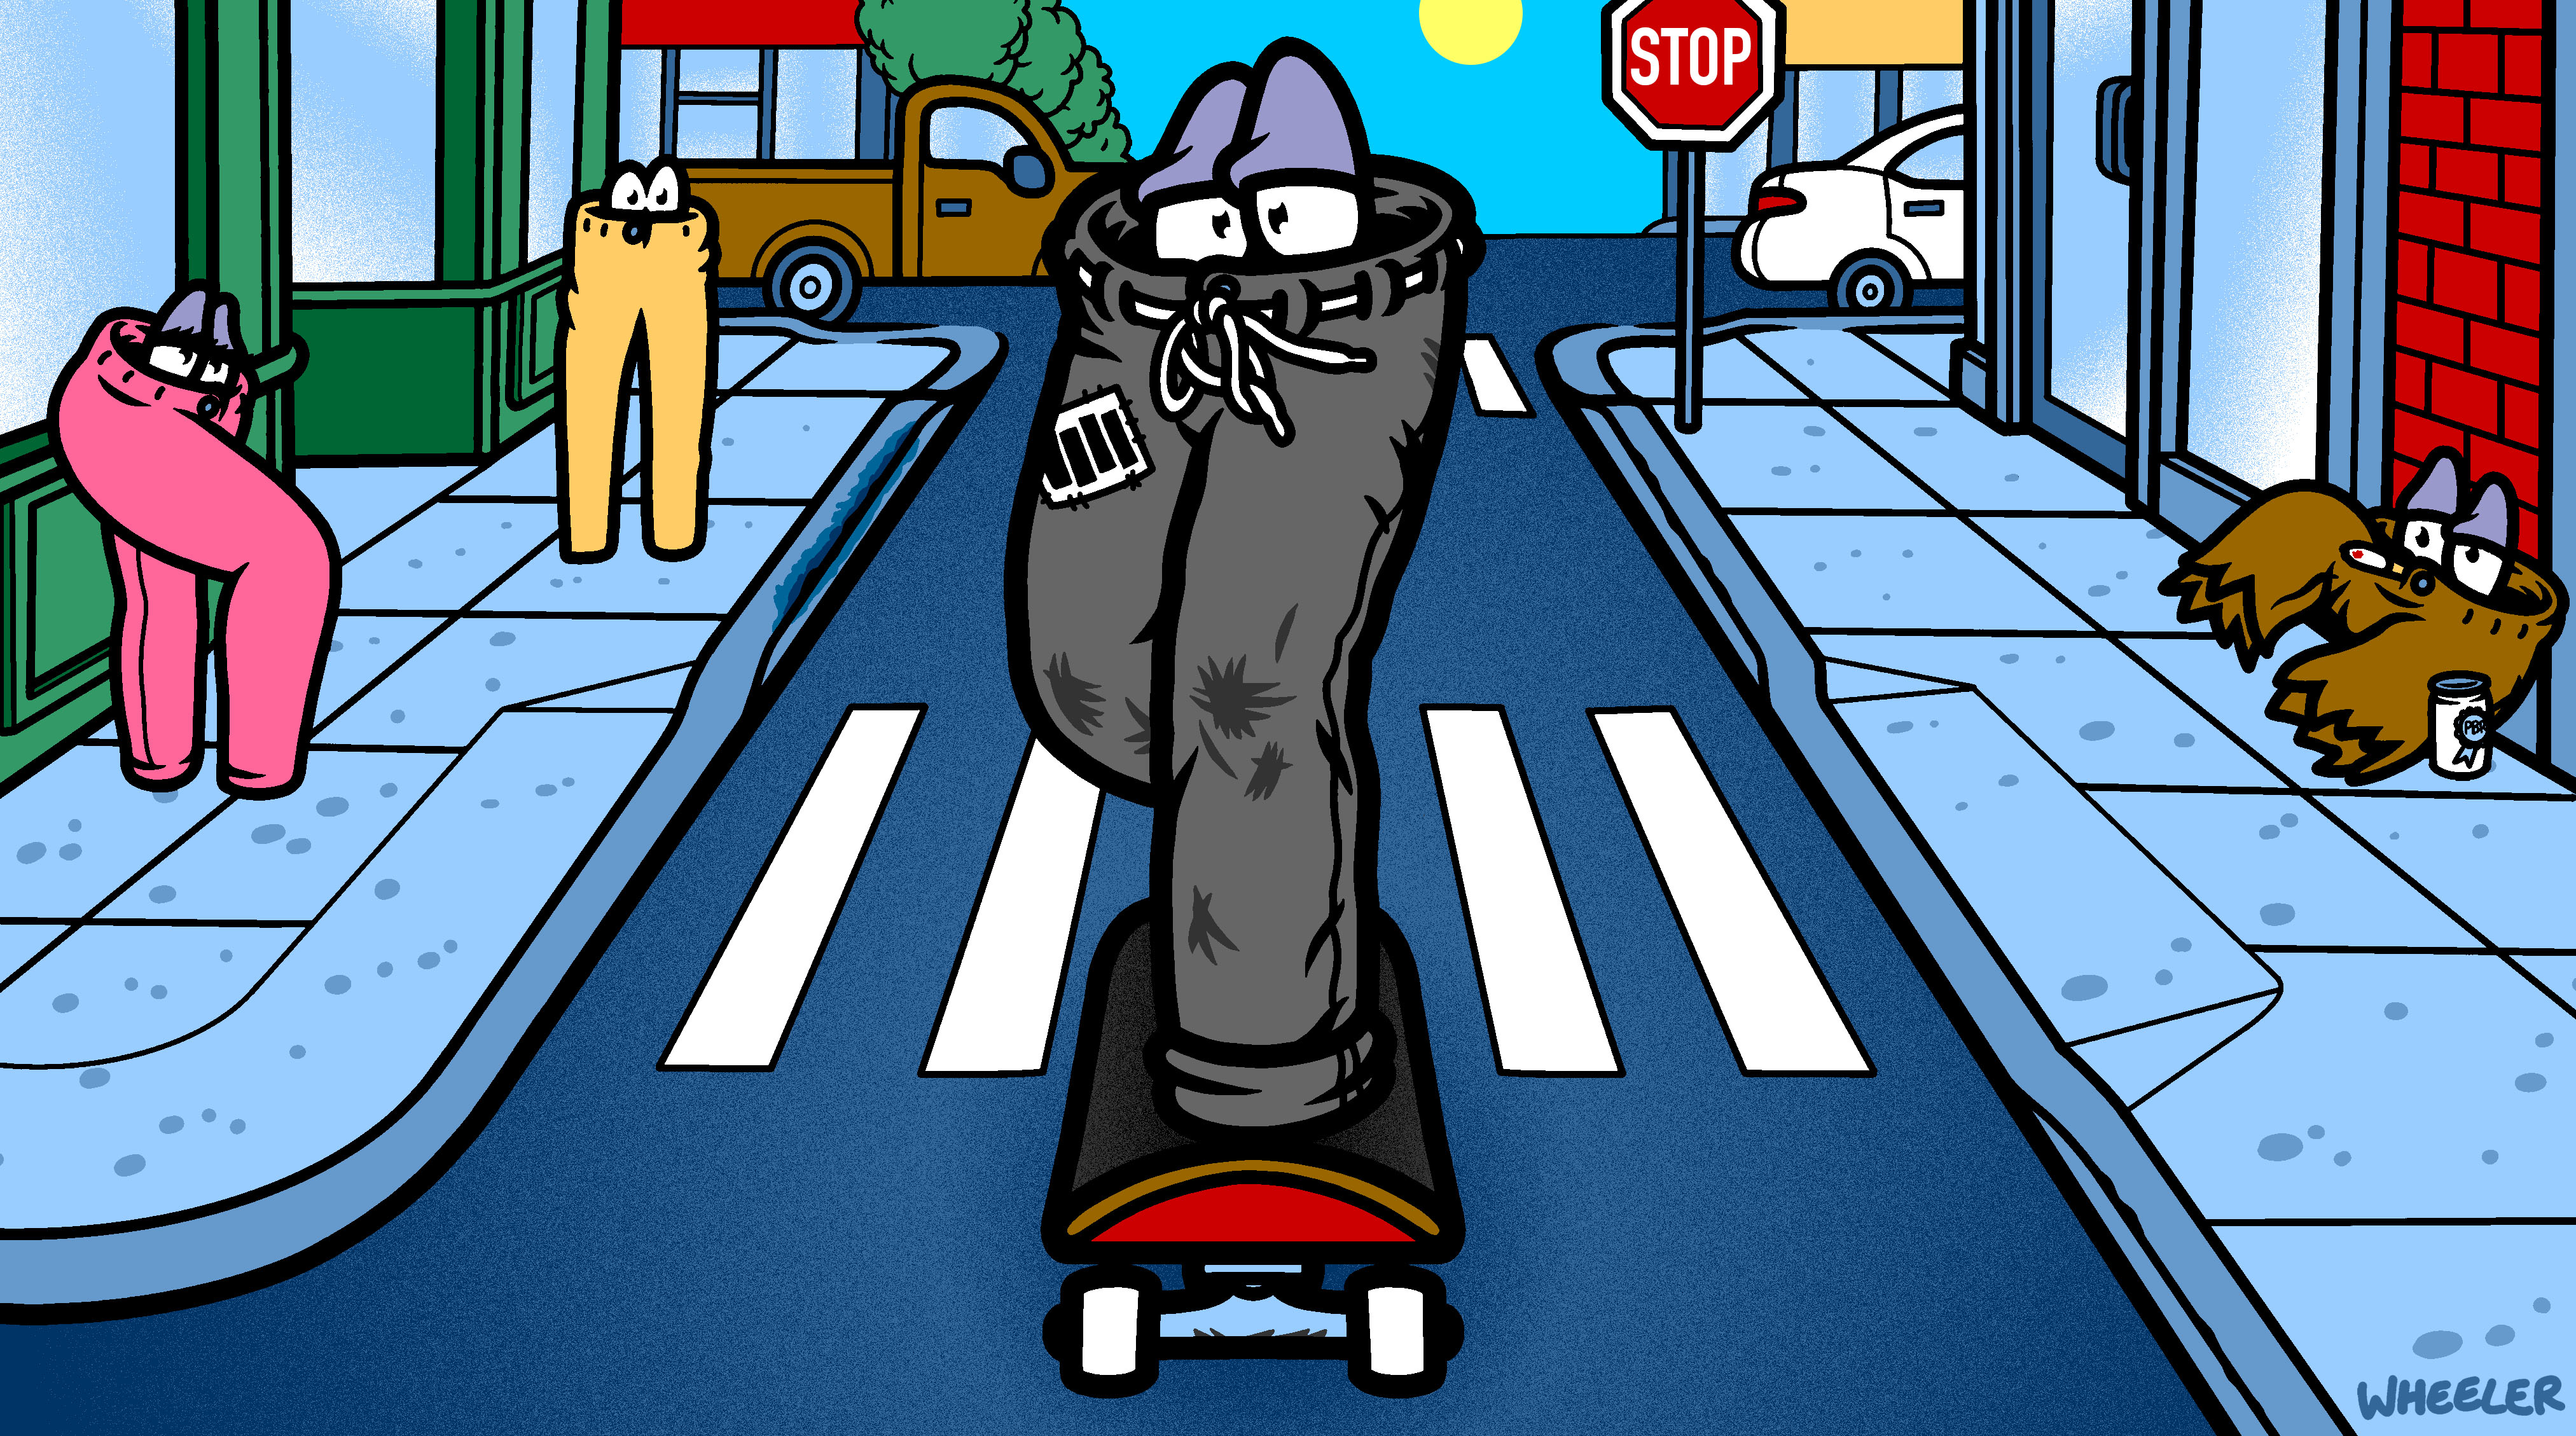 What is too baggy? 😳💀#fyp #baggyjeans #skate #skateboarding
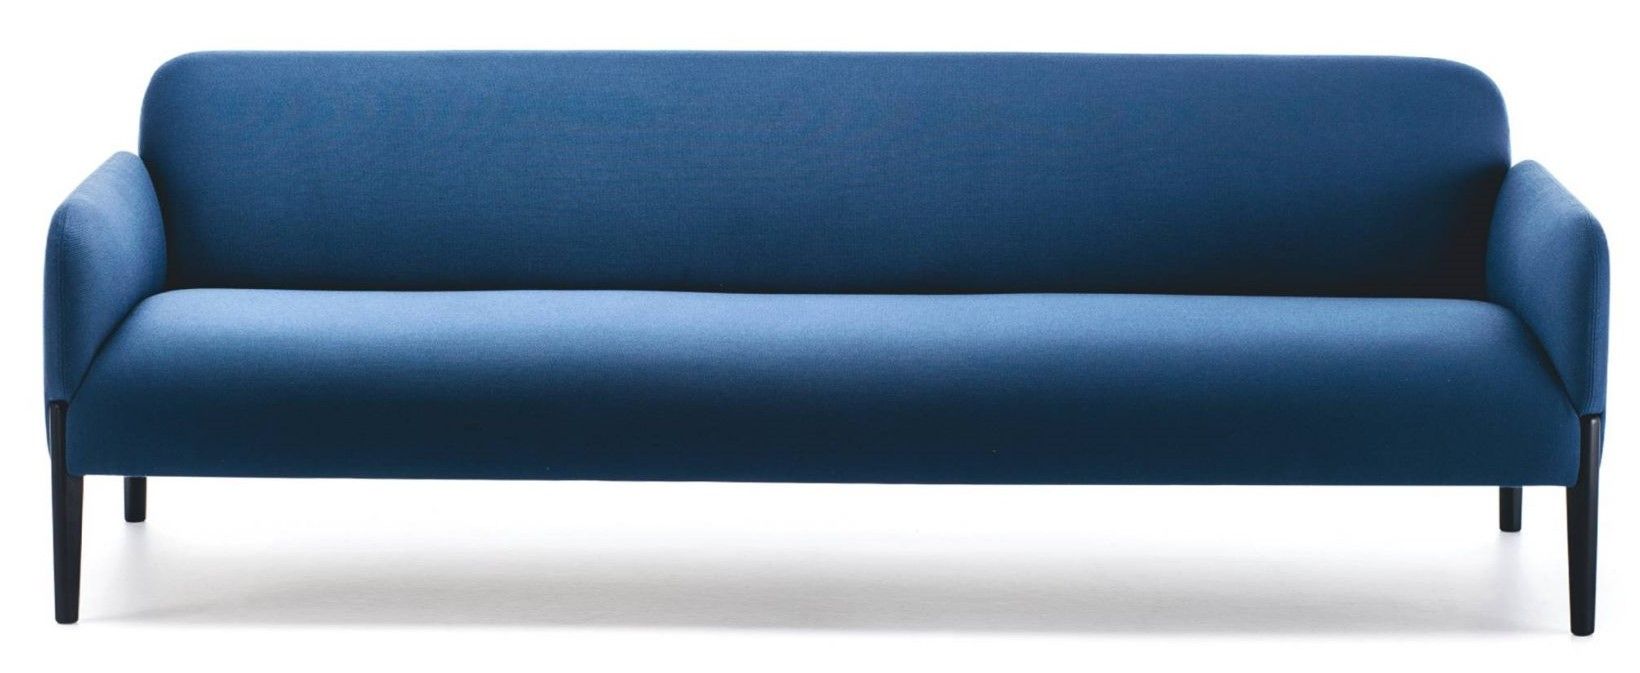 LaCividina - Trojmístná sedačka JOIN, 220 cm - 
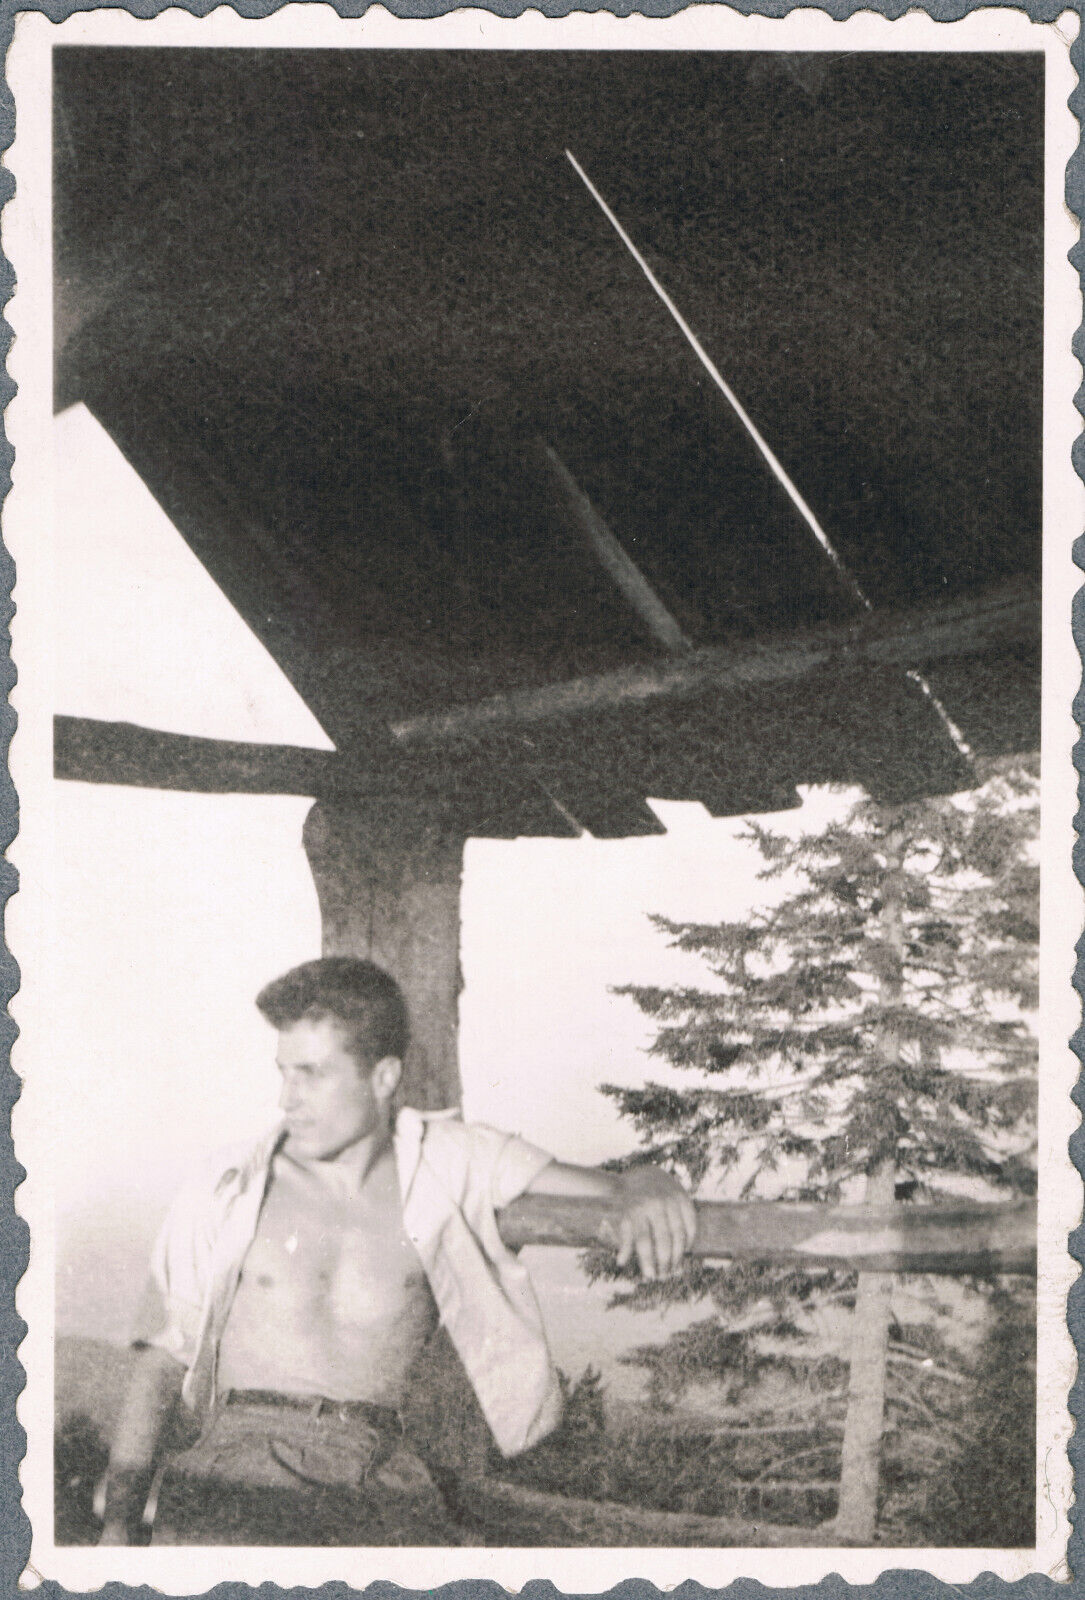 Beefcake Bulge Shirtless Man Trunks Gay Interest Vintage Snapshot Photo

### About this exercise
Print the material above once more, exactly, minus the pictures.

### Exercise solution
 What is too baggy? 😳💀#fyp #baggyjeans #skate #skateboarding
 LaCividina - Trojmístná sedačka JOIN, 220 cm - 
 Beefcake Bulge Shirtless Man Trunks Gay Interest Vintage Snapshot Photo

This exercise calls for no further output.